- Stored data -
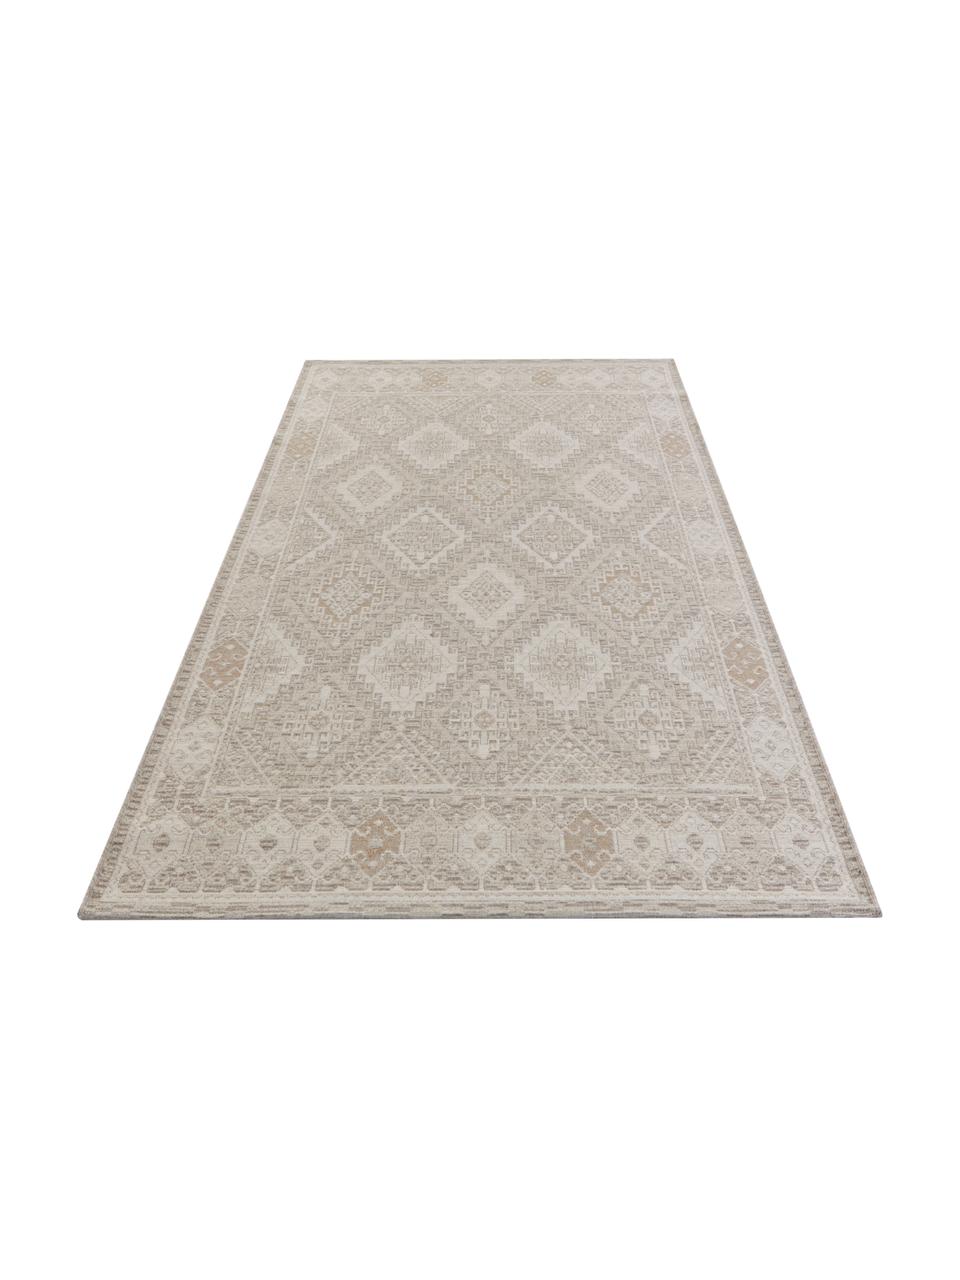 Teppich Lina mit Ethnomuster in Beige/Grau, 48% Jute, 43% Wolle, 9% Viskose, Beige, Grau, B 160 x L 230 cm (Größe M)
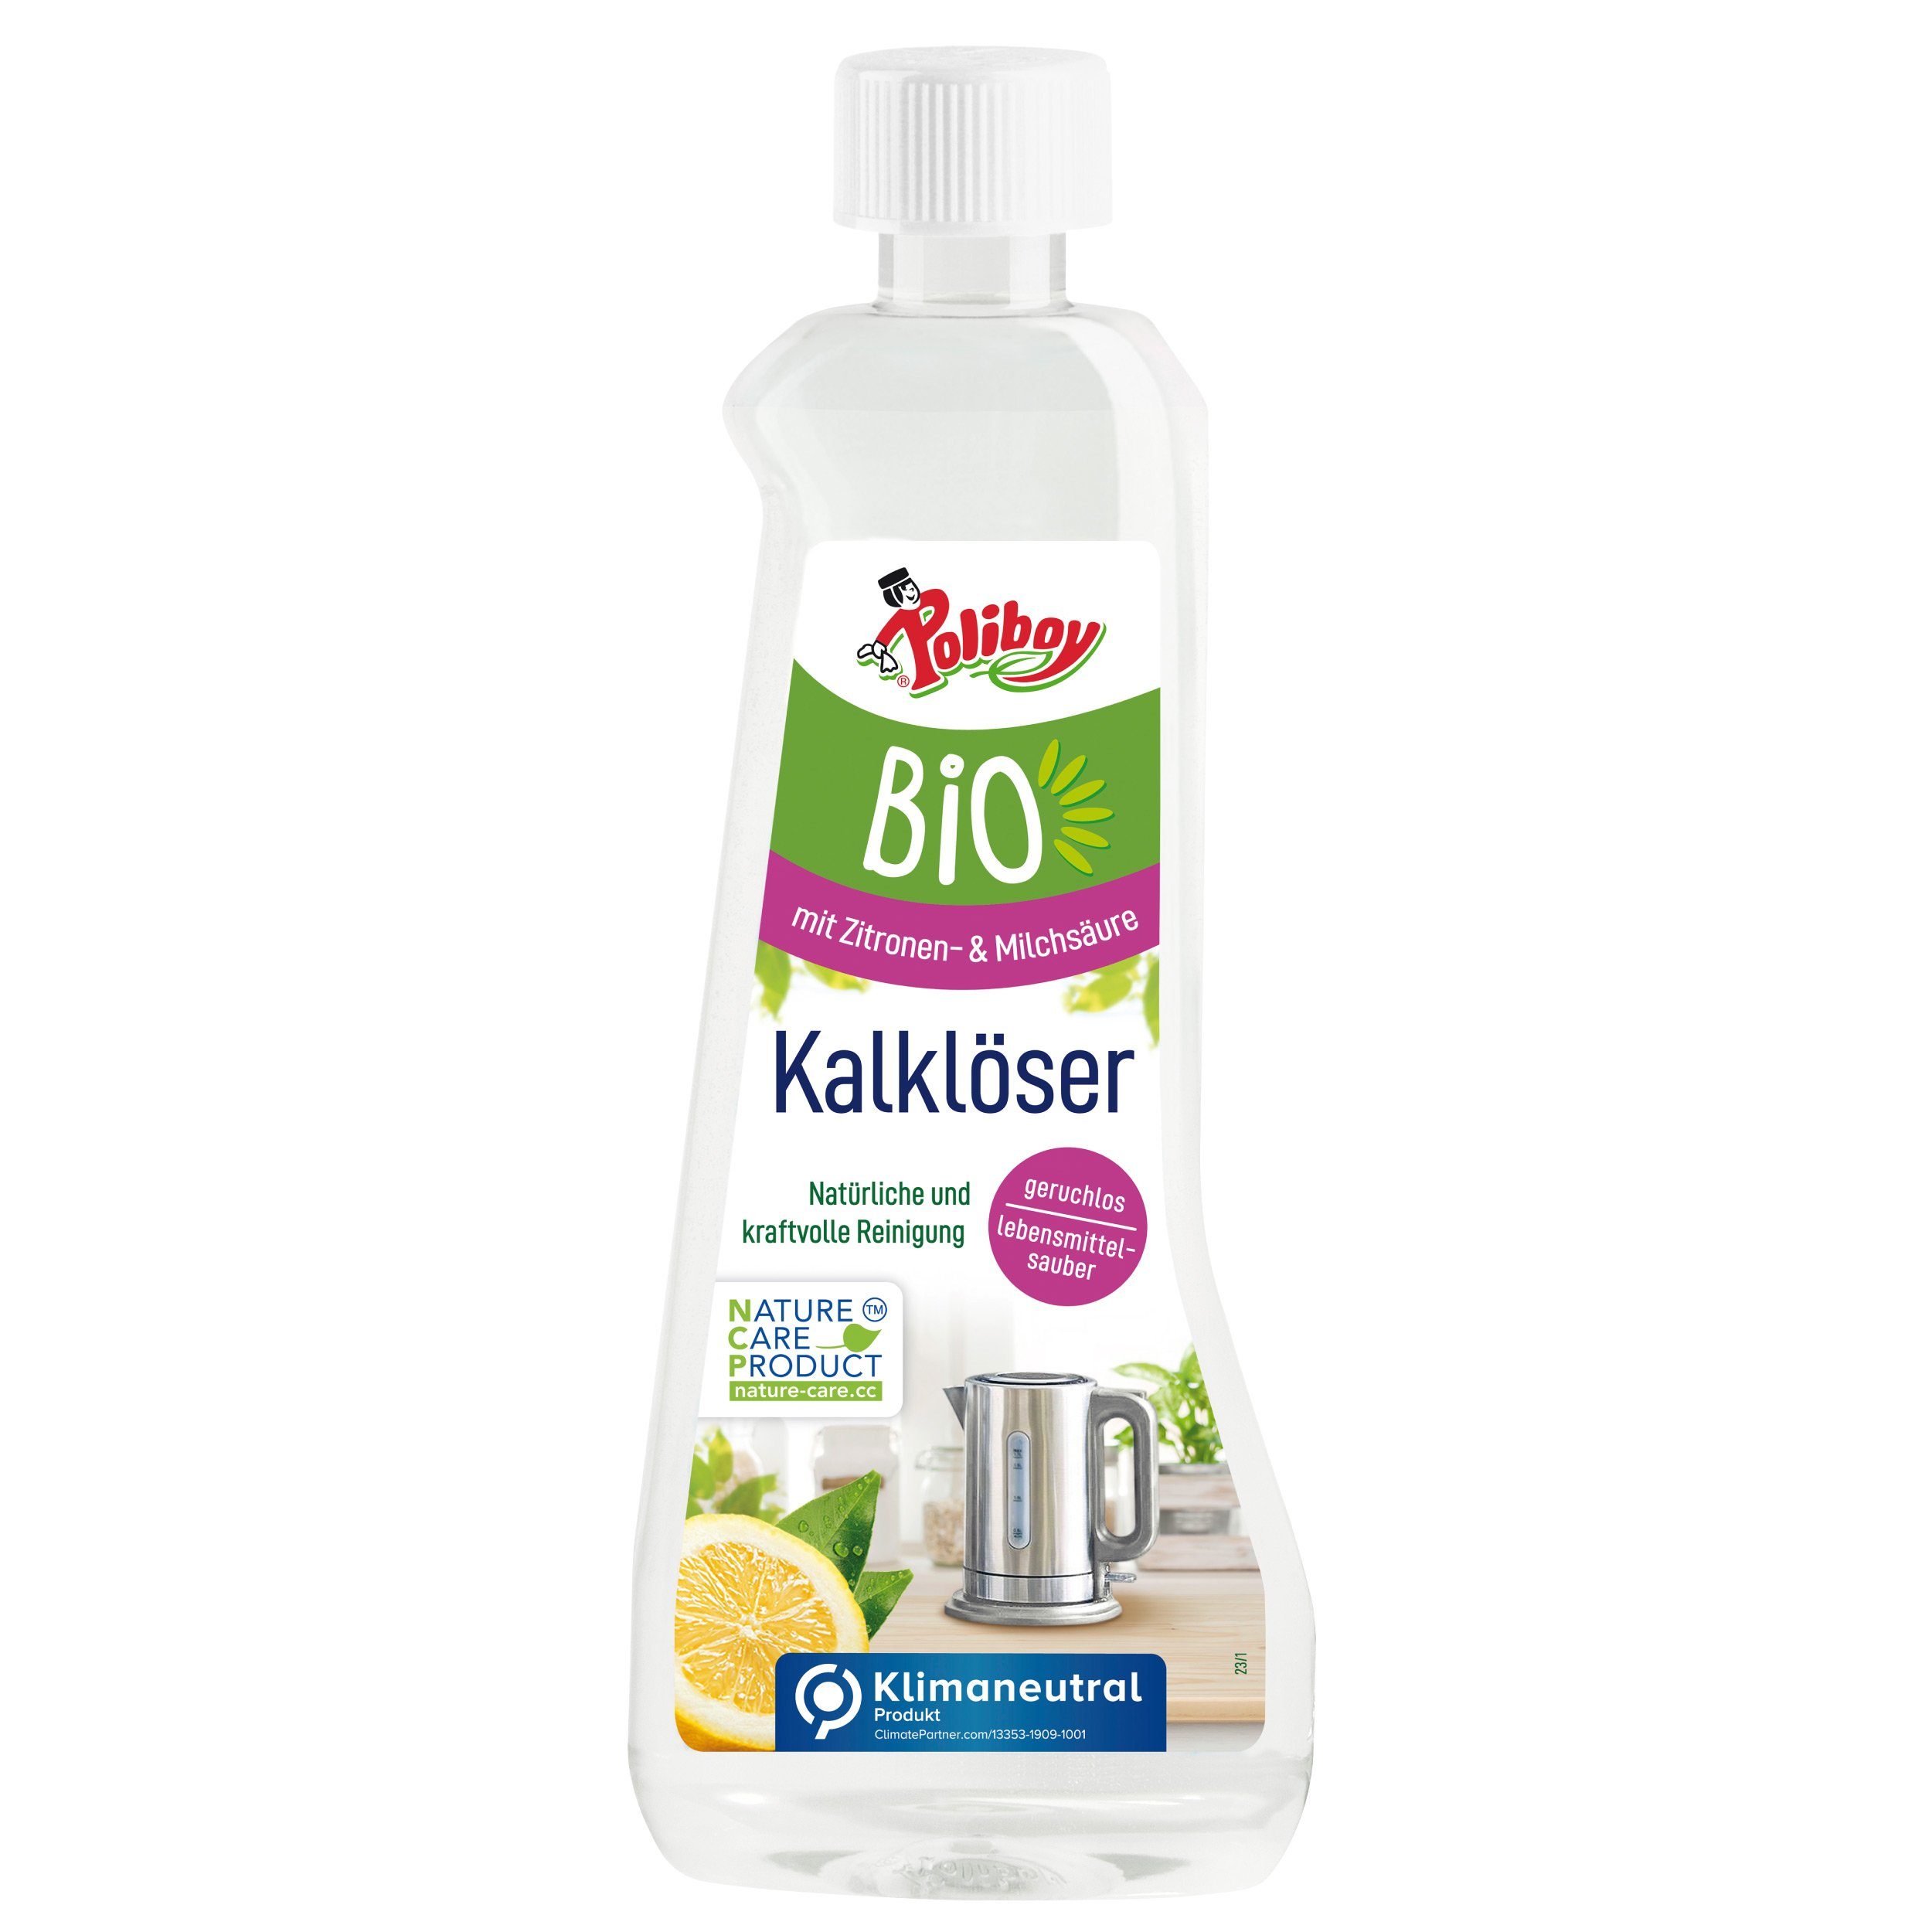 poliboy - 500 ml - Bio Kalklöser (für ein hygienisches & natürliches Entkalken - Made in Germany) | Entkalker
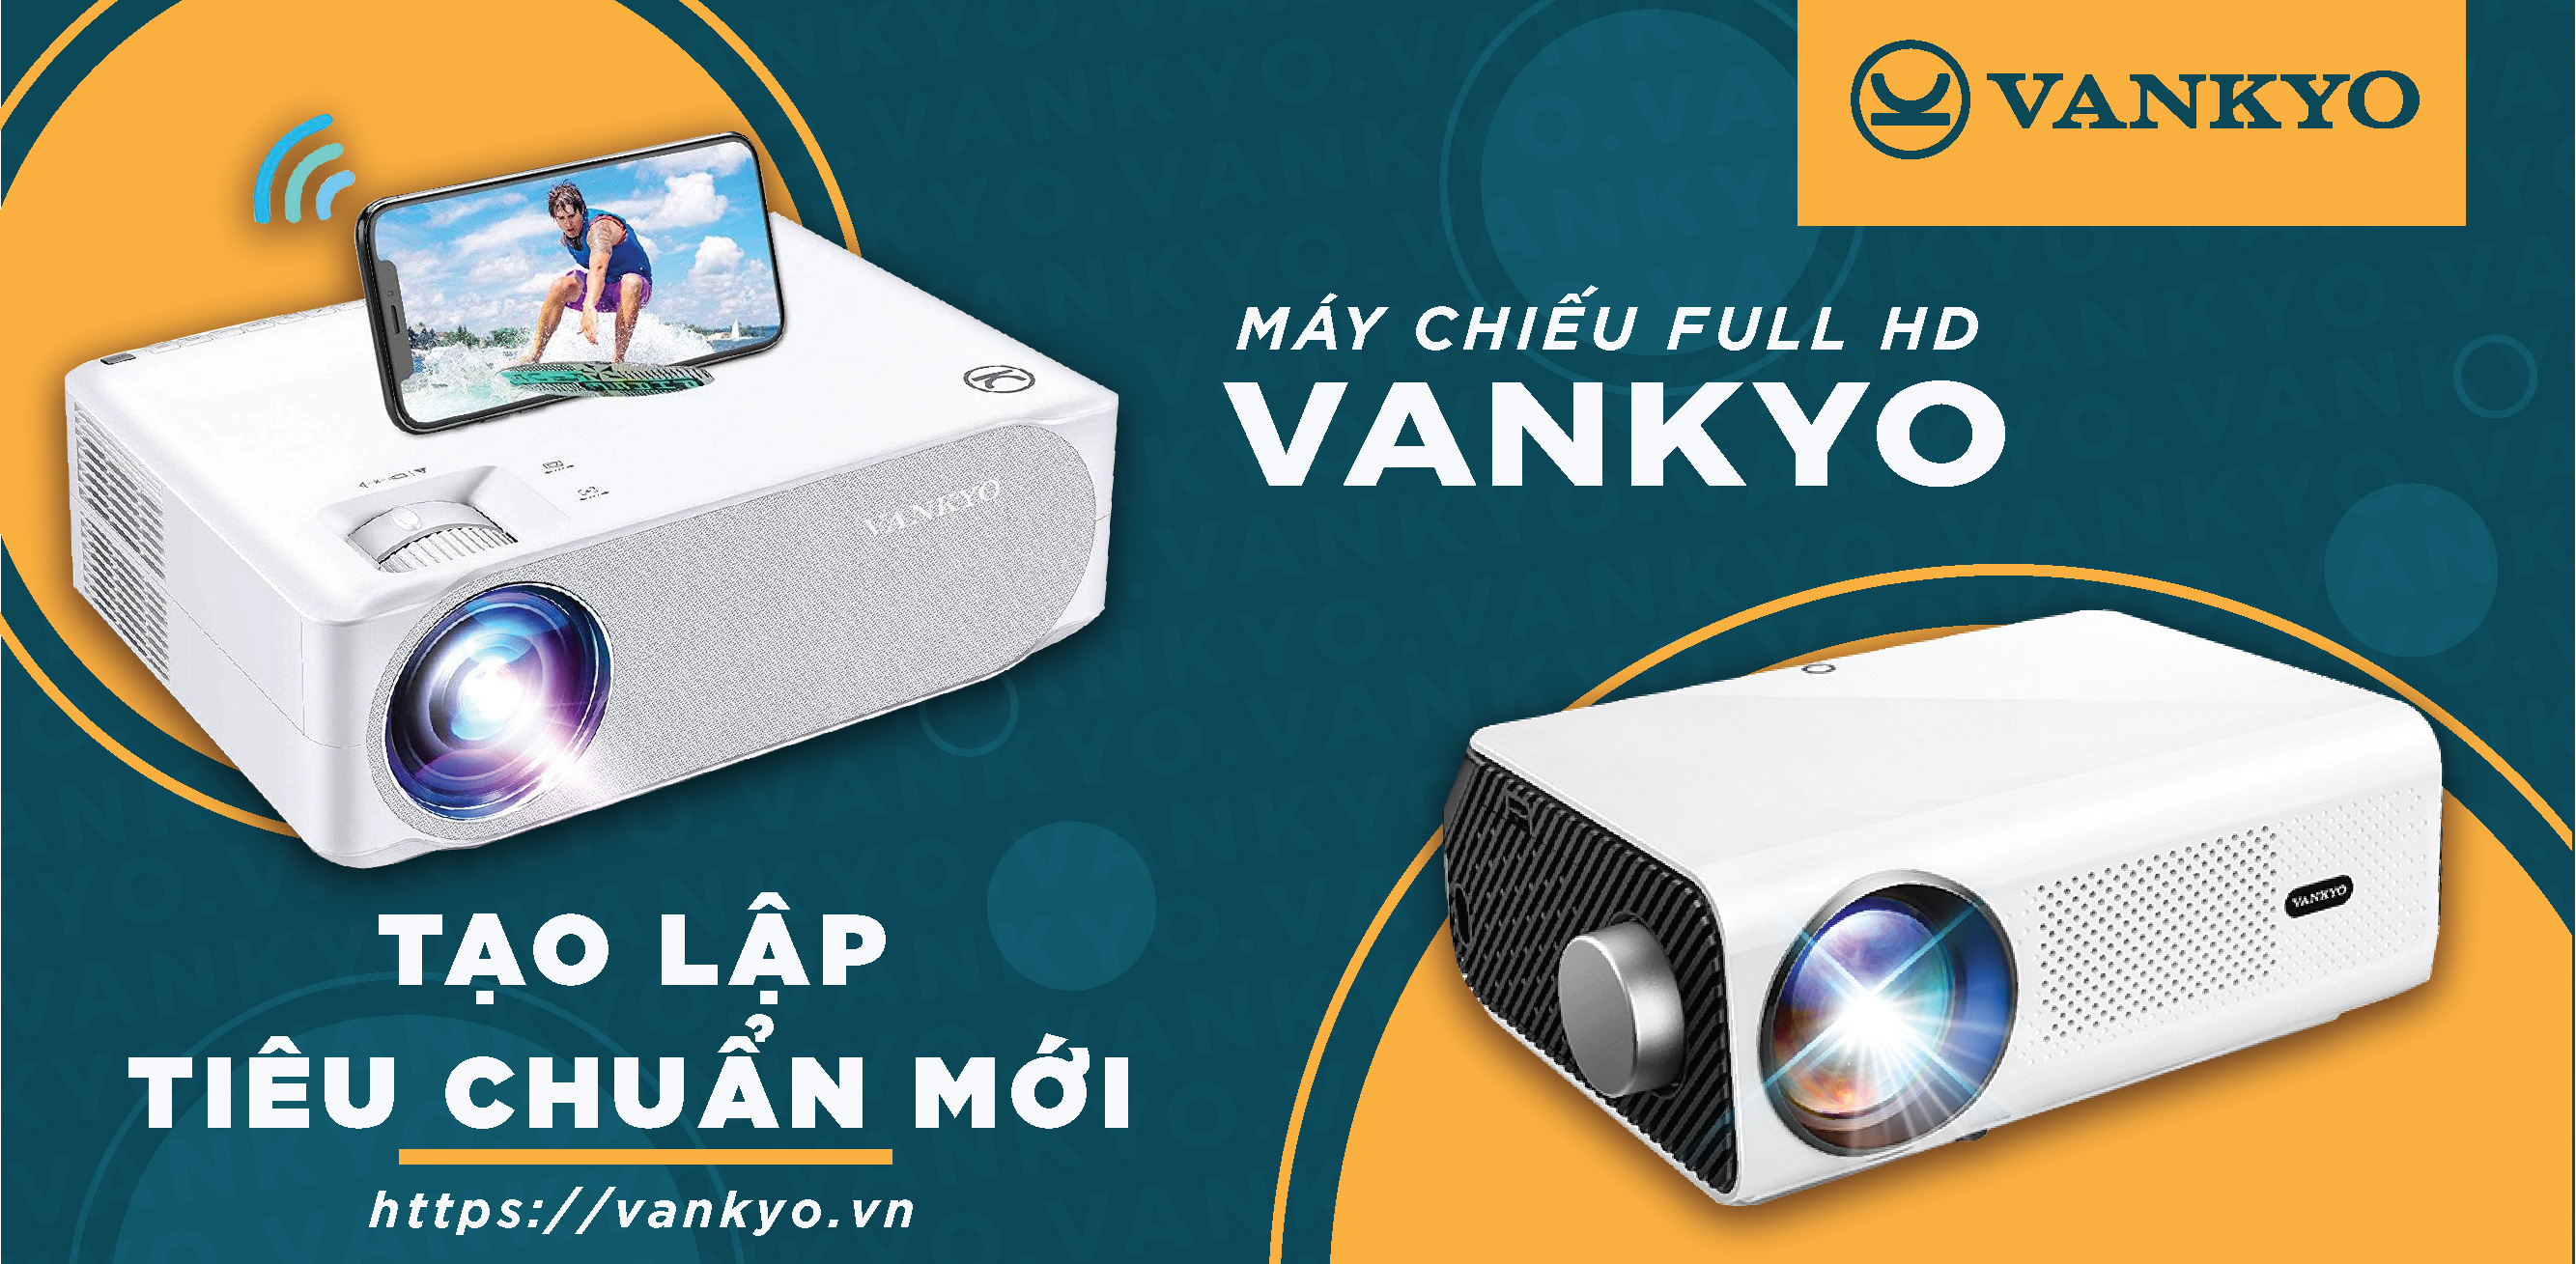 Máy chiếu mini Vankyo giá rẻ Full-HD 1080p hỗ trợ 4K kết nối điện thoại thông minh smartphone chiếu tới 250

- Exercise -
A word-for-word copy of the listing is needed, with no pictures in it.

- Exercise response -
 Teppich Lina mit Ethnomuster in Beige/Grau, 48% Jute, 43% Wolle, 9% Viskose, Beige, Grau, B 160 x L 230 cm (Größe M)
 poliboy - 500 ml - Bio Kalklöser (für ein hygienisches & natürliches Entkalken - Made in Germany) | Entkalker
 Máy chiếu mini Vankyo giá rẻ Full-HD 1080p hỗ trợ 4K kết nối điện thoại thông minh smartphone chiếu tới 250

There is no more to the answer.